Il faut bien comprendre la spécificité de cette institution en Egypte. Bien qu’ayant perdu toutes ses guerres, même si elle présente celle de 73 comme une victoire, elle jouit d’un prestige réel. C’est l’un des acteurs économiques les plus importants, qui représente 20 % du PIB. Elle construit des routes, fabrique de l’électroménager et emploie près d’un million de civils. En se mettant du côté des manifestants, c’est elle qui a achevé le régime de Moubarak. La division du pays confère à son intervention une légitimité que ne lui conteste plus que la direction des frères musulmans.
Les relations entre les deux parties sont historiquement erratiques. Un exemple peut éclairer là-dessus. Nasser, assiégé par la foule dans son palais, a appelé à la rescousse le juge Aouda, théoricien des frères musulmans qui les a dispersés par un discours mémorable. Quelques années plus tard, le même juge Aouda était pendu suite à un procès de la direction. A l’inverse, Sadate a soutenu la confrérie, dont il était membre, qui l’a assassiné après Camp David.

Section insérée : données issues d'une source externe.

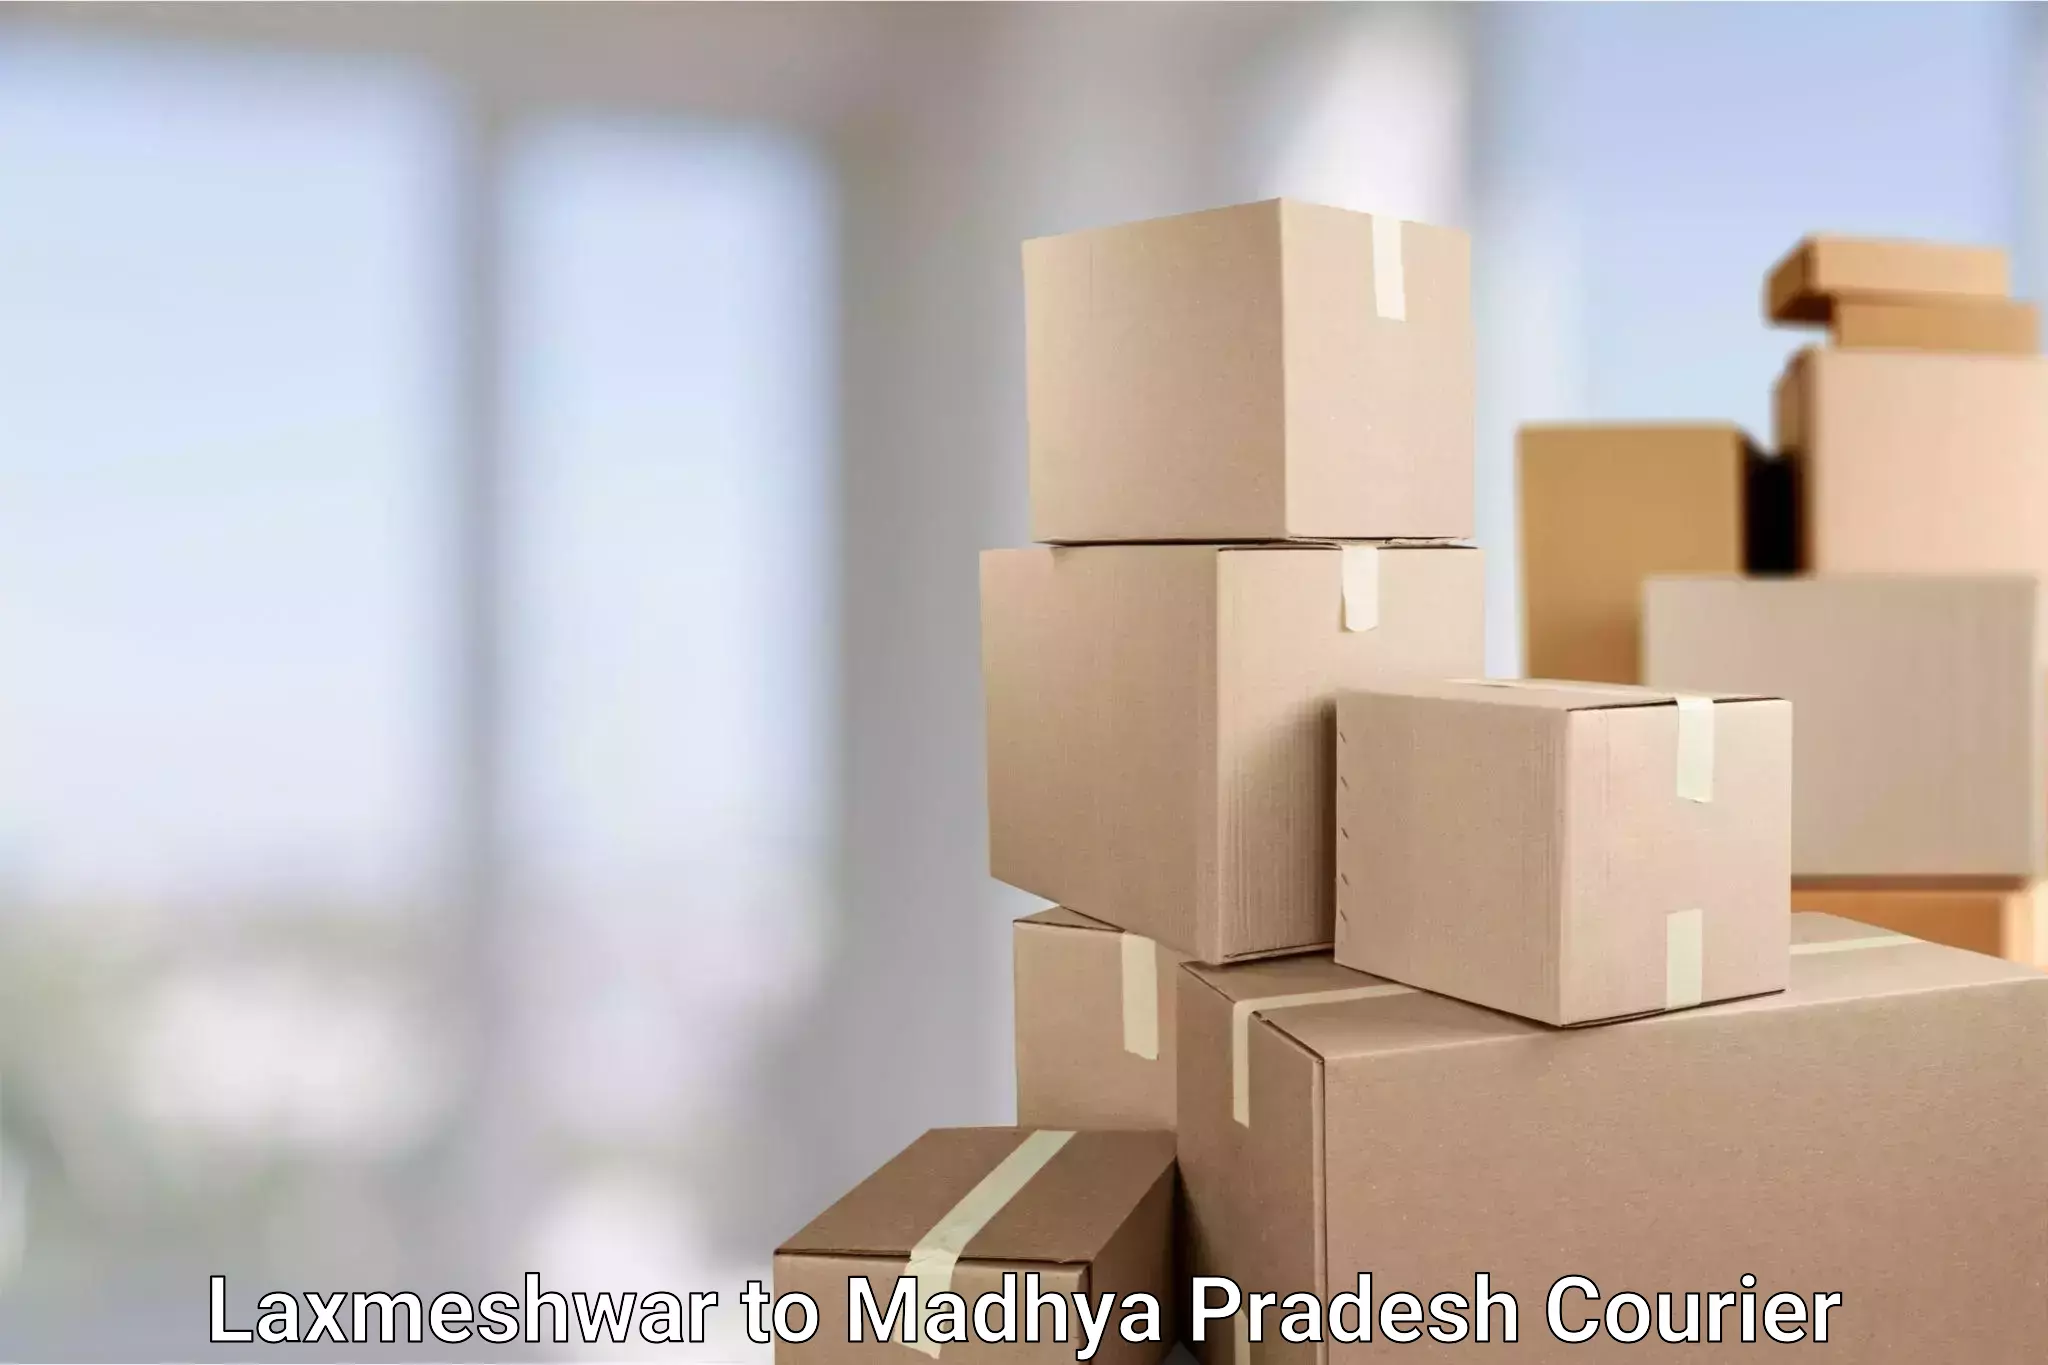 On-call courier service Laxmeshwar to Madhya Pradesh
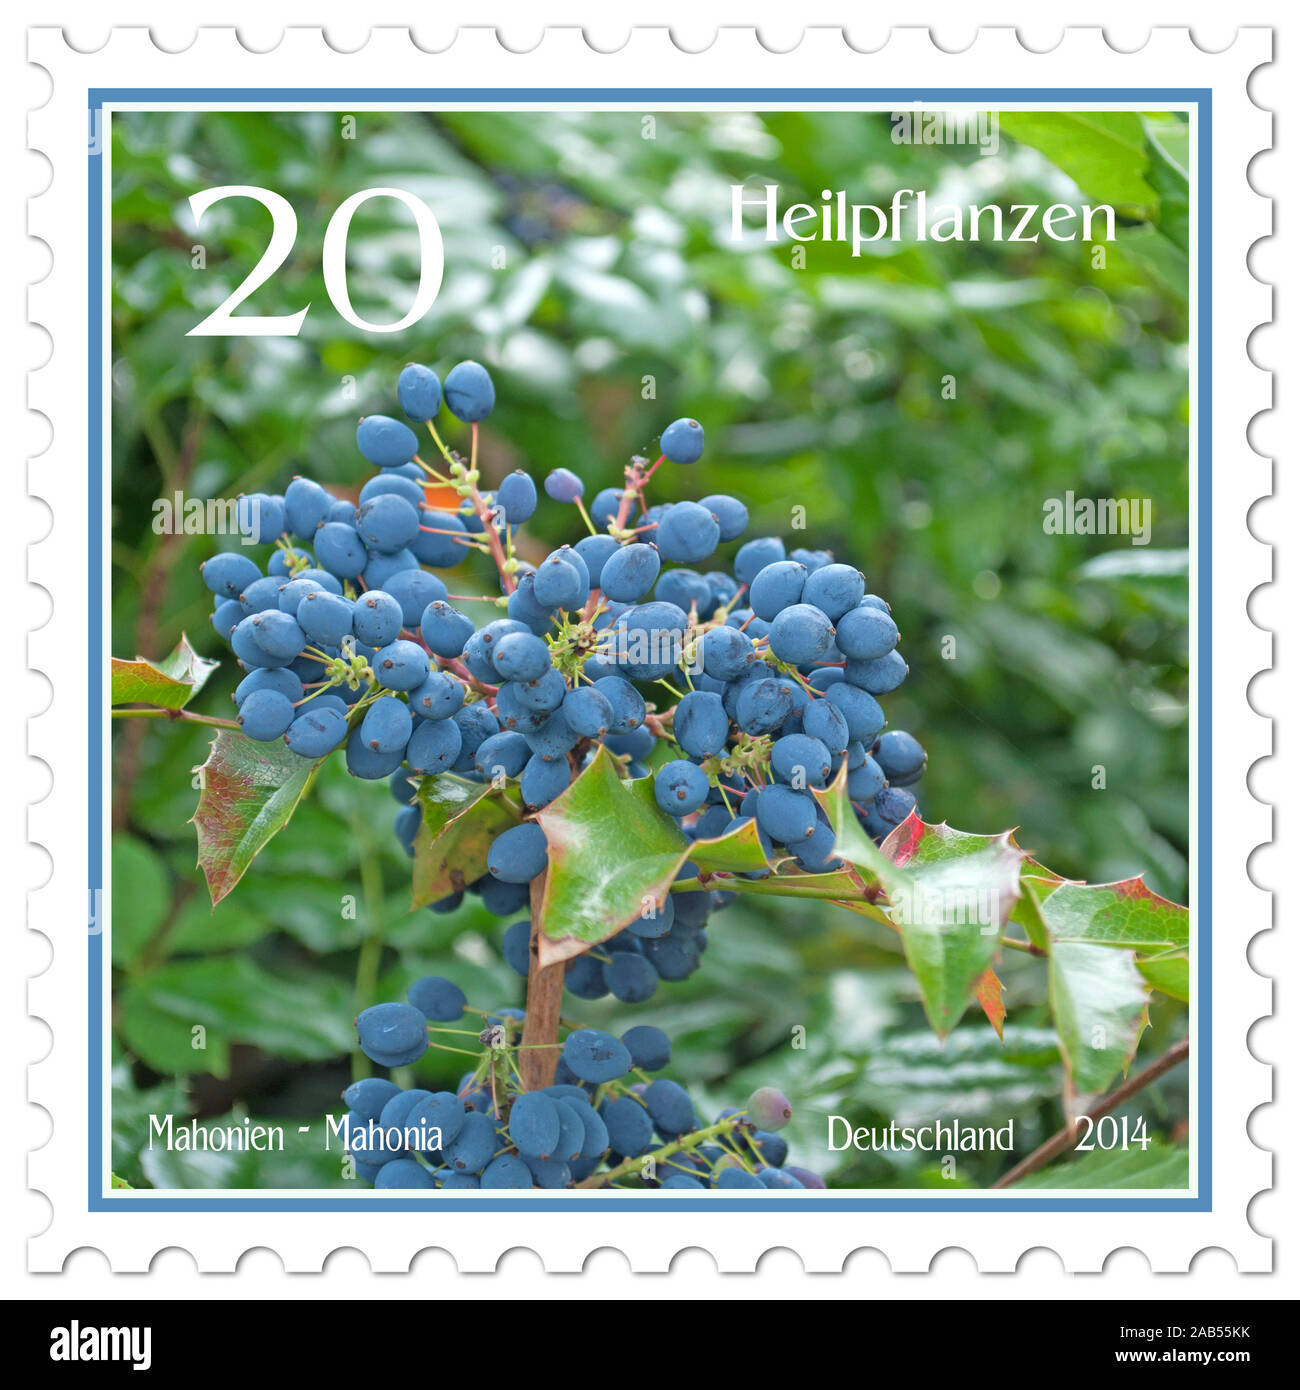 Postage stamp with the image of ripe fruits of the mahonia, Mahonia aquifolium Stock Photo

L’on ne sait pas ce qui va sortir des événements en cours. Le pire des scénarios serait un affrontement généralisé, impliquant l’armée. L’Egypte serait à feu et à sang et les séquelles la marqueront pour une longue période. L’idéal serait que les frères musulmans acceptent le compromis proposé par l’armée, ils sont coutumiers des revirements et que la transition puisse repartir sur de nouvelles bases. Malgré l’intervention des militaires, c’est la rue qui décidera des développements.
Mais il y a déjà des enseignements à tirer. L’on voit bien que la démocratie ne peut se résumer à des instances représentatives élues. Ce qui a manqué en Egypte ce sont de véritables consensus sur la nature de l’Etat, les libertés fondamentales, les valeurs de la république. En dehors de ces consensus, le gagnant des élections a des tentations hégémoniques, ce qui est le cas.
En dehors de tout procès d’intention, les Islamistes prouvent un peu partout qu’ils ne partagent pas cette vision de la démocratie qui n’est en définitive pour eux, qu’un moyen d’accéder au pouvoir. Autre élément majeur, c’est que le printemps arabe a installé dans les consciences la puissance des peuples. Il y a dix fois plus d’Egyptiens dans la rue que lors de la révolution. Libérés, les citoyens s’expriment, manifestent, croient dans un projet commun. C’est historiquement un changement fondamental pour le monde dit arabe.